The recent thread on cutting boards prompted part of this, Salty's board held together with rods rather than glue. This board is made the same way, edge grain maple, no glue. At first it had a large bow in it, about 4 inches in the middle. Gravity and a bit of moisture has helped to take care of that. 
Right before new years, a friend of my sister's gave me a desk to use as the base for the cutting board. 

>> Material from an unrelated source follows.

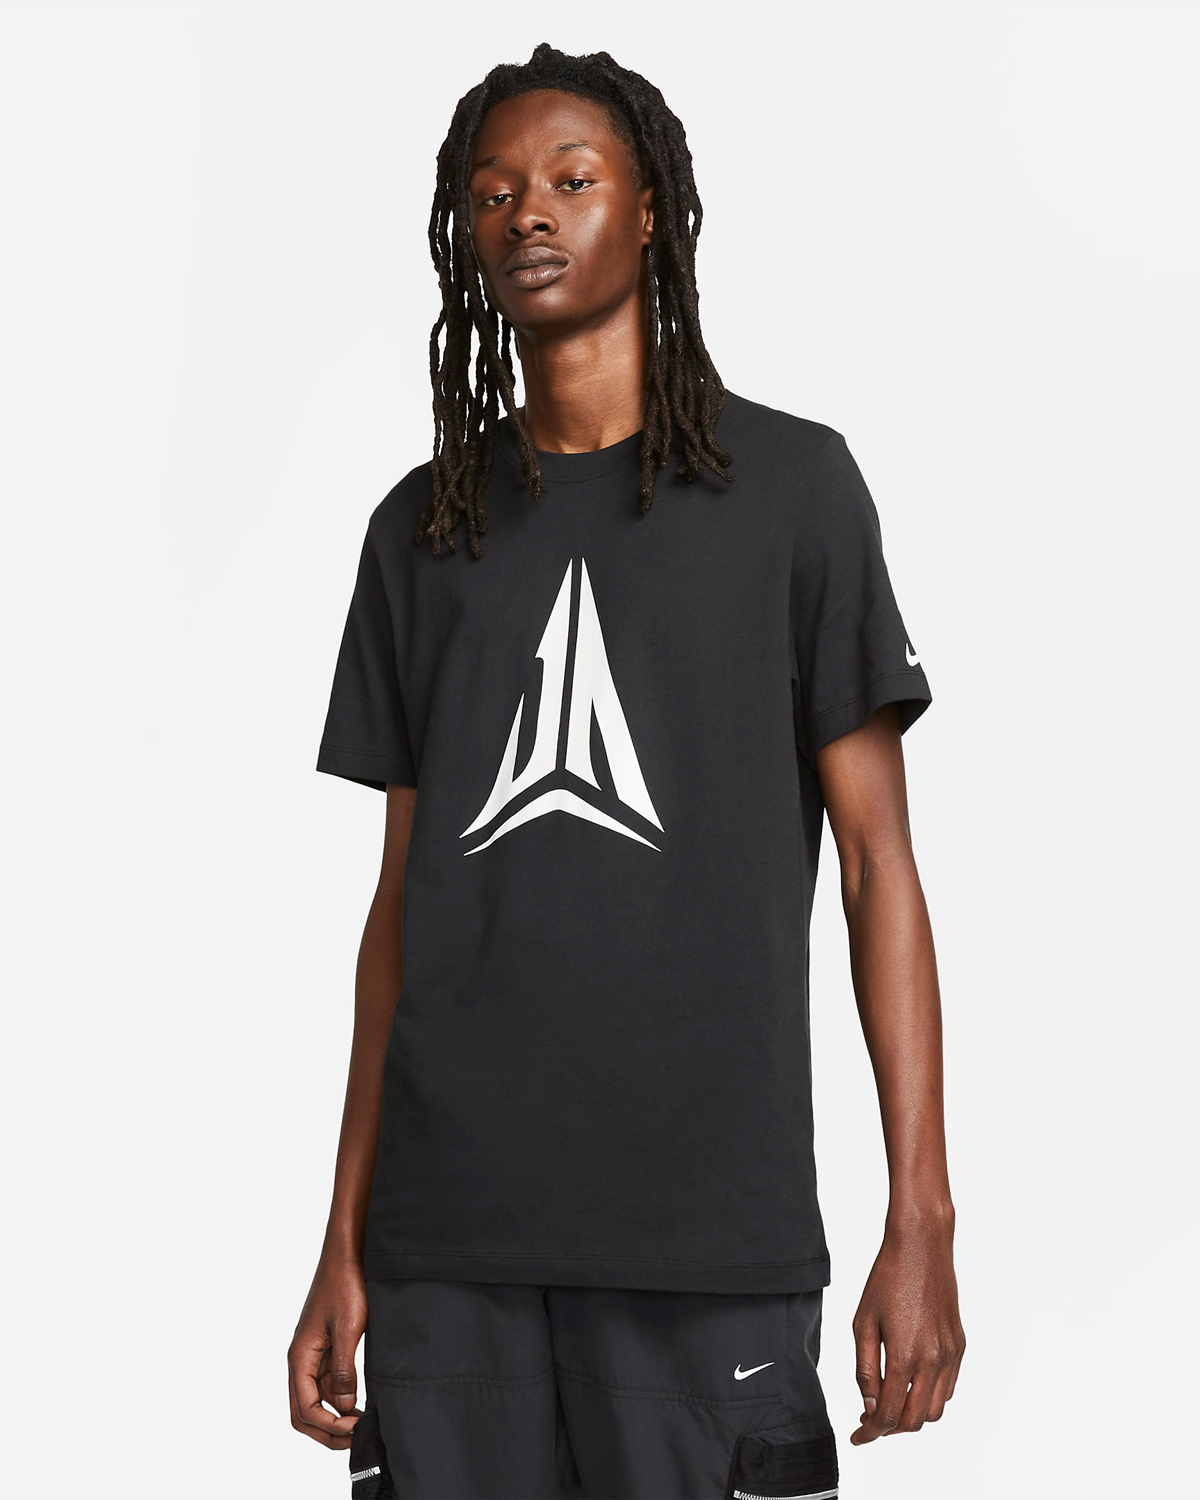 Nike-Ja-Morant-Logo-T-Shirt-Black-White

The first couple of pictures will show a bit of the dryness and dirtiness of the board. The board and the desk both got washed down with Murphy's Oil soap, and then wiped down with a heavy coat of warm mineral oil. 

During cleaning:










First side clean, halfway through its coat of oil:


----------



## Reede (Jan 11, 2014)

Oh, one thing I left out: the dimensions of the board: 44X 72. So just under 4x6 feet. Lots of real estate here. For reference, the Boardsmith walnut board that lives on one end is an 18x24x3, a veritable tabletop in its own right, but it doesn't look very big sitting on top.


----------



## ecchef (Jan 11, 2014)

Beautiful! I love re-claimed projects.


----------



## Reede (Jan 11, 2014)

One of the things I find really interesting about this top are the wear areas on it. There were obviously 2 stations used at this board, a diagonal corners. If you flip over the board, you still have the same wear areas on the other side. Obviously, from time to time they would sand out the cut/worn areas. Photos below show the depth:













In another week or so, I'll give it a coat of a thin board butter mixture. But for now, I'm really enjoying having the drawers under the top, great place for my sharpening stuff. Keeps it out of the way, but easily close at hand. 

Reed


----------



## Nmko (Jan 11, 2014)

Too cool Reed! 
That Rader is HOT :fanning:


----------



## mr drinky (Jan 11, 2014)

That is super cool. Strong work. 

k.


----------



## Lefty (Jan 11, 2014)

That's awesome! I love the Rader, too.


----------



## marc4pt0 (Jan 12, 2014)

I love projects like these. One of these days...
But nice work!


----------



## Dave Martell (Jan 12, 2014)

I'd love to have this myself - awesome!


----------



## Chefu (Jan 12, 2014)

Beautiful table / beautiful knives! It's amazing how you can refurbish an old table top like that and when you look at it, it makes you feel comfortable, and familiar, and warm all at the same time. Very cool...


----------



## Talim (Jan 12, 2014)

That's an awesome table. Love the history that comes with it.


----------



## stereo.pete (Jan 12, 2014)

So very cool!


----------



## xueqi89 (Jan 13, 2014)

that's some heavy duty work there, but the end result is well worth it


----------



## erikz (Jan 13, 2014)

Really nice! Thanks for sharing.


----------



## zoran (Jan 15, 2014)

That is absolutely beautiful....lots of character and history in that table. Hope it serves you well.


----------



## Mitbud (Jan 16, 2014)

My sister had a similar project with a section of bowling alley she scrapped from an old local lane.


----------



## Bill13 (Jan 17, 2014)

That is a great story, thanks for sharing. Great photo's too!


----------



## cheflarge (Jan 17, 2014)

Frickin awesome. What a beautiful board. Do I ever miss working on the old "butcher blocks" just don't see many more or these around any more. What a great project, props to you sir.


----------



## Reede (Feb 8, 2014)

Some interesting notes. I made a thin board butter mix out of mineral oil and beeswax. Treated 3 things: The table, my Boardsmith black walnut board, and my round bamboo board. The bamboo is 3 layer, edge grain construction. Anyway, the end grain Boardsmith was by far the fastest to absorb the mixture. Then the edge grain table, which after several weeks still feels waxy to the touch. The bamboo, it still feels like I just applied it. I'm guessing because you've got the higher glue ratio with the small pieces of bamboo.


----------



## Dave Martell (Feb 8, 2014)

The glue amount could have something to do with it but my guess is that the biggest factor is that the Boardsmith board is end grain which means the wood is open on the surface.


----------



## Dropmon (Feb 8, 2014)

Is the paring knife a Rader as well?


----------



## Reede (Feb 8, 2014)

That paring knife is a Scott McGhee--Guinea Hog Forge. He's located in Eastern NC. I do have a Rader parer that matches the Chef's knife. 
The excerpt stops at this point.